Fresh fruit and salads are favorite Canadian dishes, including cold meat, liver paste, and stuffed eggs. Beer is traditional drink of Canadians.

All that makes use the body includes

The key aspects of the USA cookery are hygiene, simplicity, and, of course, fast-time cooking. Many people in America find that food should be good for your health. You should drink a glass of fruit juice daily for it contains vitamin C, your ration should include also milk and cheese as they are rich with calcium, porridges, which structure includes iron and proteins, and of course fresh vegetables containing mineral salts.

No day goes by without juice

Northern Americans nutritious ration is simple. Breakfast usually includes juice, the big doughnut, sometimes fried corn-flakes, eggs, bacon, toasts, and white coffee (most Americans prefer coffee to tea). In bright lights, the lunch (or dinner in villages) is extremely simplified and rather unhealthy: they have either a big sandwich, or a sandwich with a pair of sausages, or a hamburger with fries, and a glass of coca-cola for breakfast. Evening meal (the time is unrestricted) starts usually with a cocktail and various snacks. Soups (as a rule, fruit and soup-mashed potatoes) also are served mostly in the evening.

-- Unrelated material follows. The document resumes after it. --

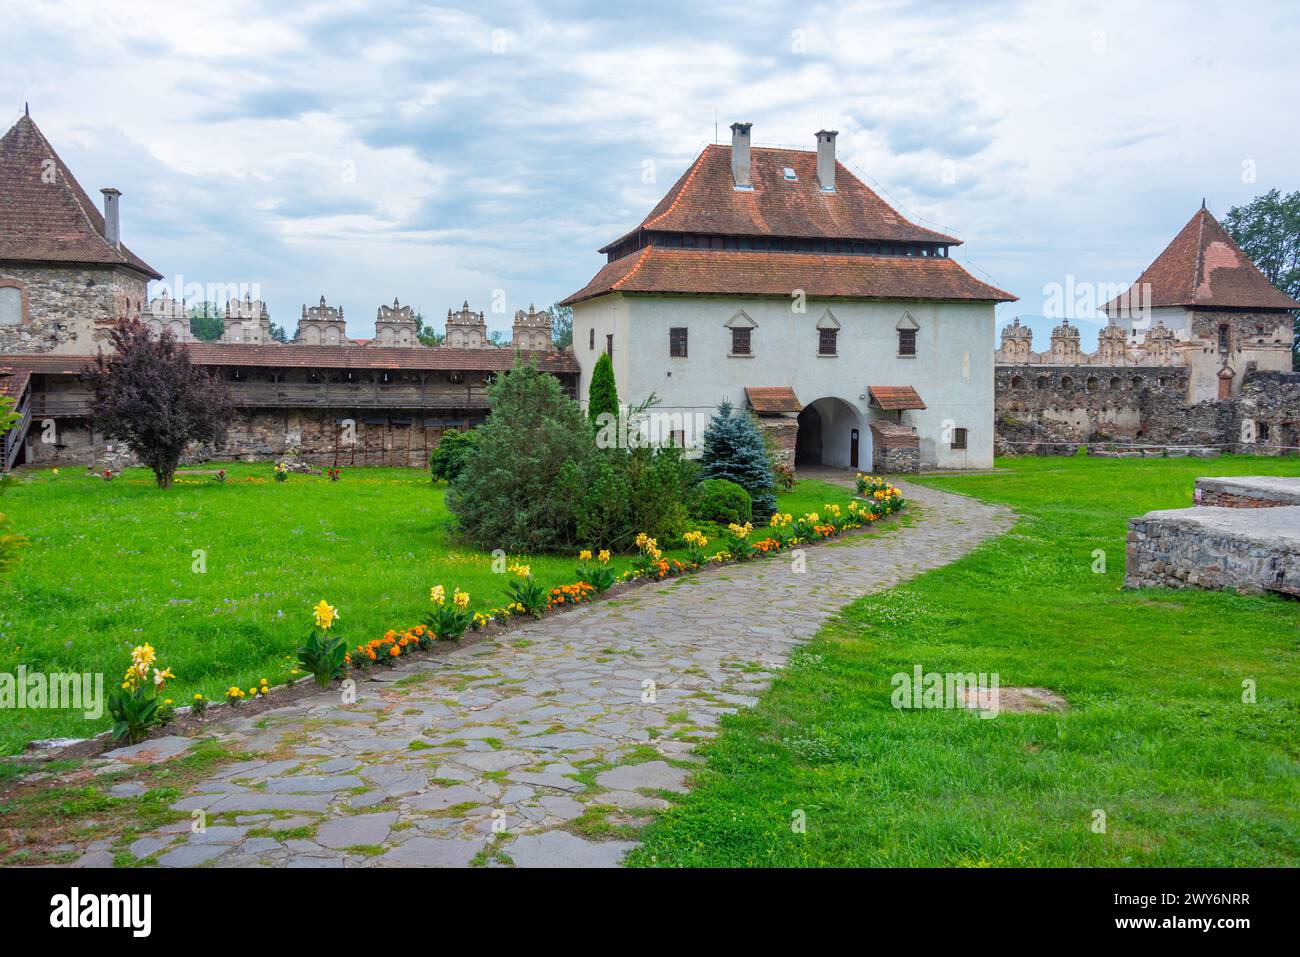 View of the Lazar castle in Lazarea, Romania Stock Photo
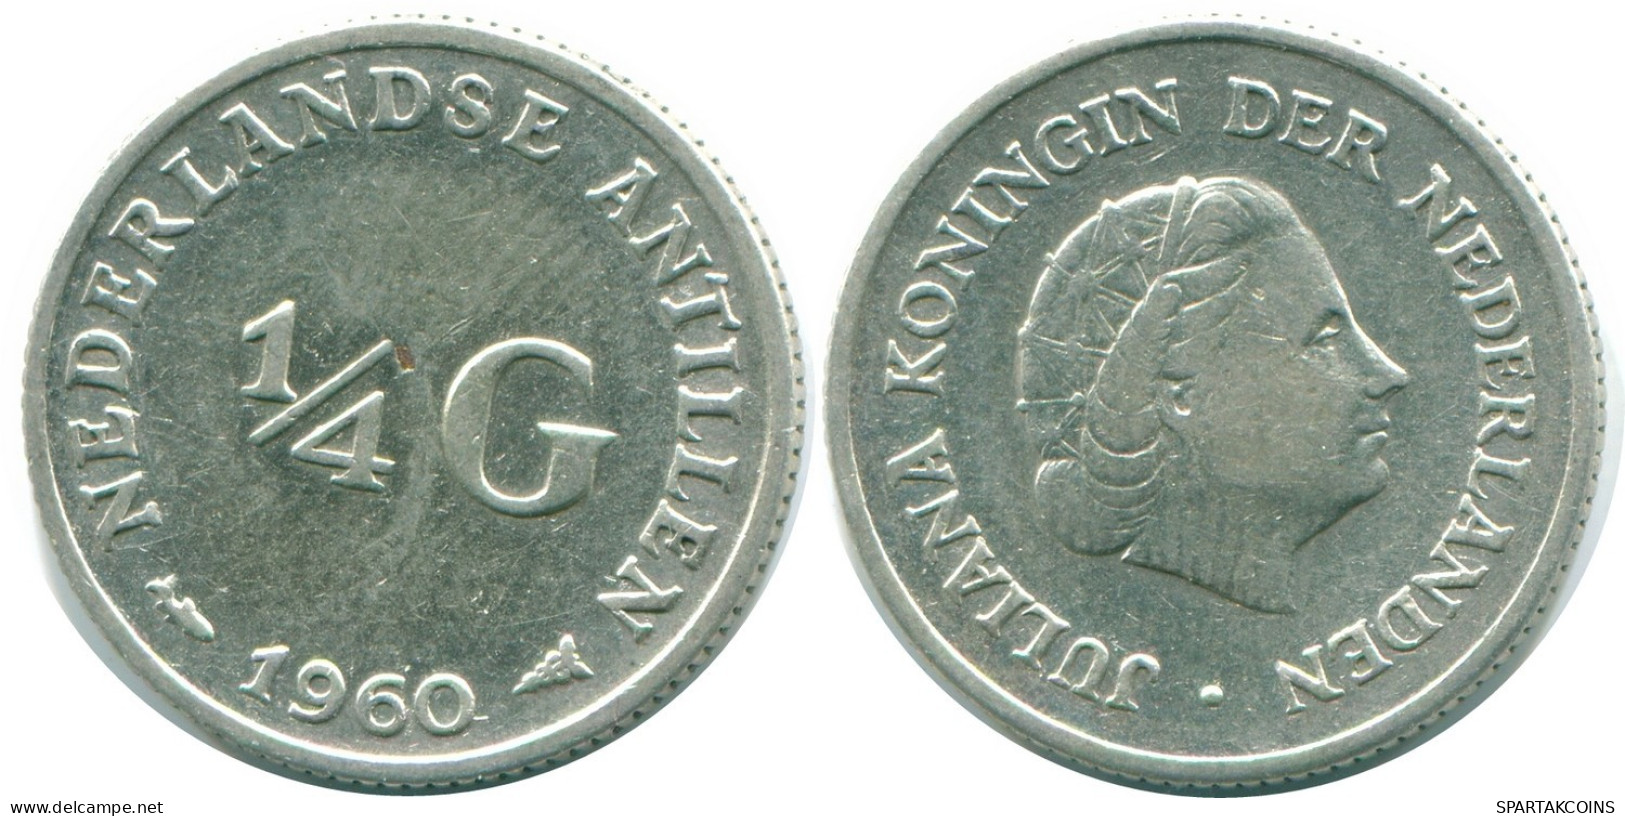 1/4 GULDEN 1960 NIEDERLÄNDISCHE ANTILLEN SILBER Koloniale Münze #NL11038.4.D.A - Nederlandse Antillen

Oysters, crayfish, lobsters, and the large pink shrimps occupy a highly important place in the menu of the Americans especially those who lives in coastland. Of meat they basically consume beef, veal and pork, especially fried. Of seasoned meat, gammon, bacon, sausages are gladly used for eating. Chicken and turkey are most-liked of poultry issues. Turkey is traditionally prepared on high days and holidays, usually stuffed with chestnuts, bread and sage, and it is served with cowberry sauce.They eat a lot of fresh vegetables in the Northern America, often in salads. Haricot, potato, onion, celery, tomatoes are of a wide usage in the States.

Queen Corn

Indian corn is the most significant of cereals. They cook young corncobs and eat them with butter and syrup. Corn is used for soufflés, porridges, and fried flakes as well. Generally, it is the basis of Latino cuisine: they cook it under separate cover, or as a garnish. Tortilla — thin disk bread of cornmeal — is the most-liked dish; it is served topped with or rolled around beans, ground meat, or cheese.

“Latinos” meat

Both in Mexico, and in Brazil and Cuba they adore meat (beef and pork), roasted on racks over coals and served with tomato sauce mixed with ground red pepper. Also frankfurters are popular, that resemble Georgian kupaty. They are made of minced beef mixed with small slices of lard, onion, pepper, cinnamon and clove, and then grilled hanging over coats.

The Caribbean Sea has impressed culinary preferences of peoples of Cuba, Panama, Columbia, Venezuela. Besides fish (from humble pike perches up to exotic sharks), cancers, shrimps, octopuses, starfishes, mussels and set of other shellfish are very popular over here.

Coffee as a basis of economy

In fact black coffee is supplied almost from all large countries of the Latin America (Brazil, Argentina, Columbia, Mexico) for the world market, and no wonder that it is in wide use over here; fruit juices are very much appreciated, though, and they are necessary component of breakfast.